Hi @letonghan looks like I overlooked an incompatibility with given model and logs show

Loading model Intel/gpt-j-6B-int8-dynamic-inc
2024-03-01 22:25:38,785 - root - ERROR - Exception: Intel/gpt-j-6B-int8-dynamic-inc does not appear to have a file named pytorch_model.bin, tf_model.h5, model.ckpt or flax_model.msgpack.
2024-03-01 22:25:38 [ERROR] neuralchat error: Generic error
Loading config settings from the environment...
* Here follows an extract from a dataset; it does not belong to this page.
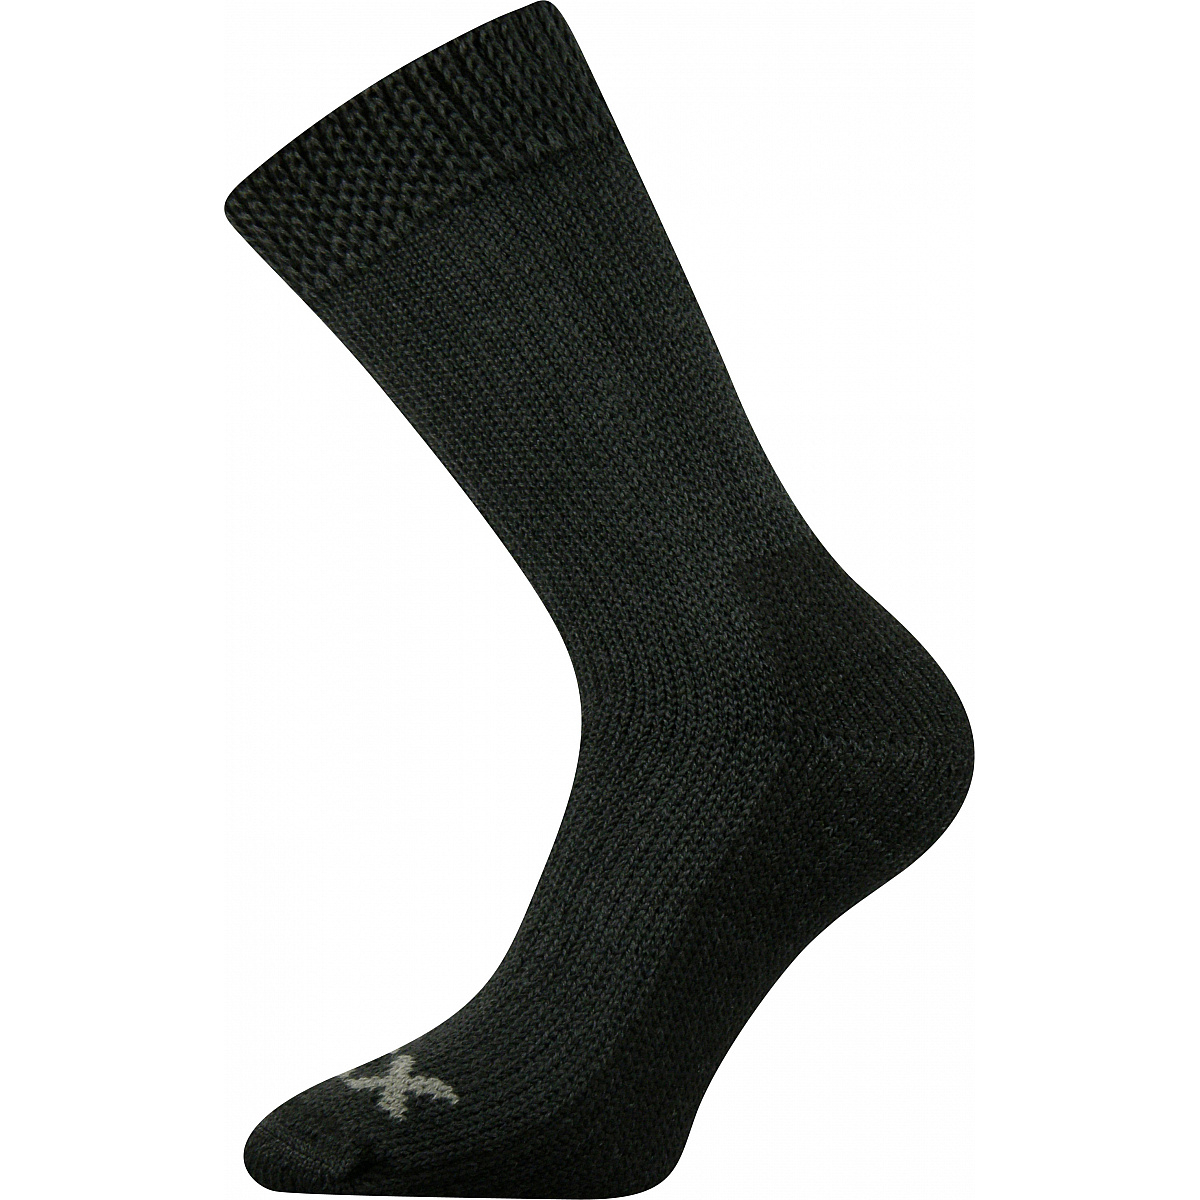 Extra teplé vlněné ponožky Voxx Alpin - tmavě šedé, 43-46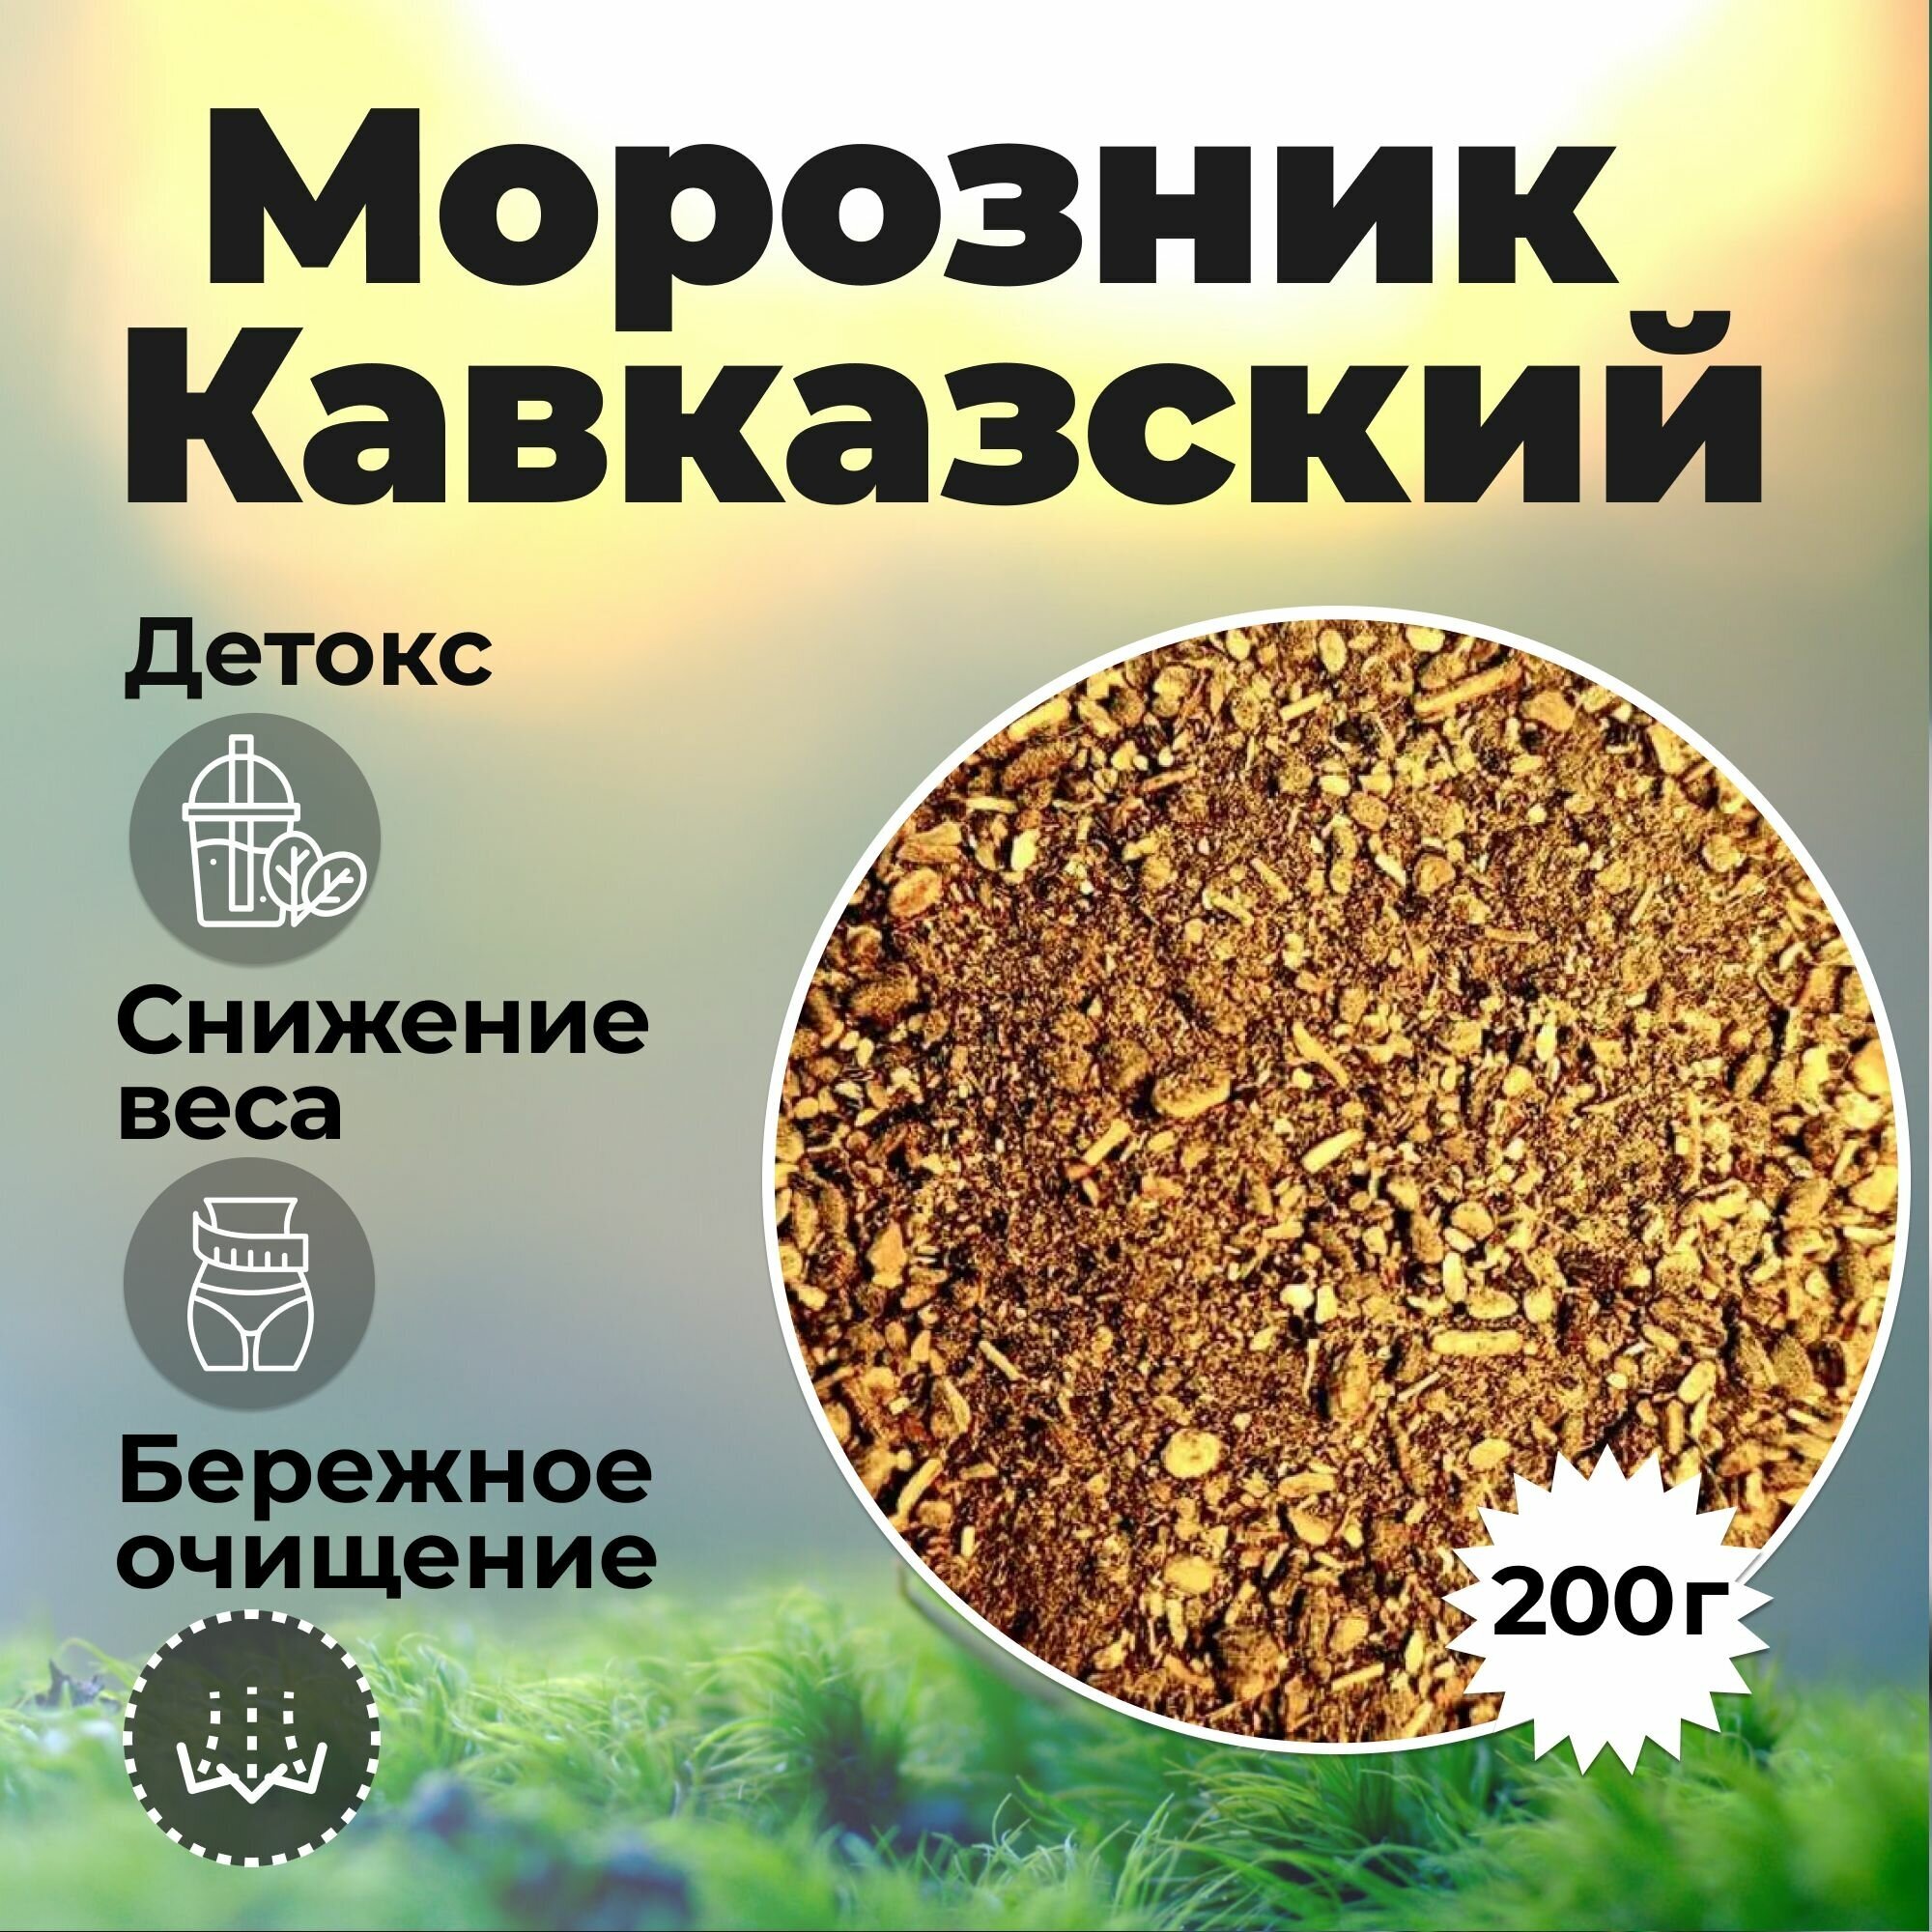 Травяной чай "Морозник кавказский" для похудения, в подарок мерная ложечка, 200 гр

INFO:     Started server process [277377]
INFO:     Waiting for application startup.
INFO:     Application startup complete.
INFO:     Uvicorn running on http://0.0.0.0:6900 (Press CTRL+C to quit)

I assume this is expected and hence closing the issue.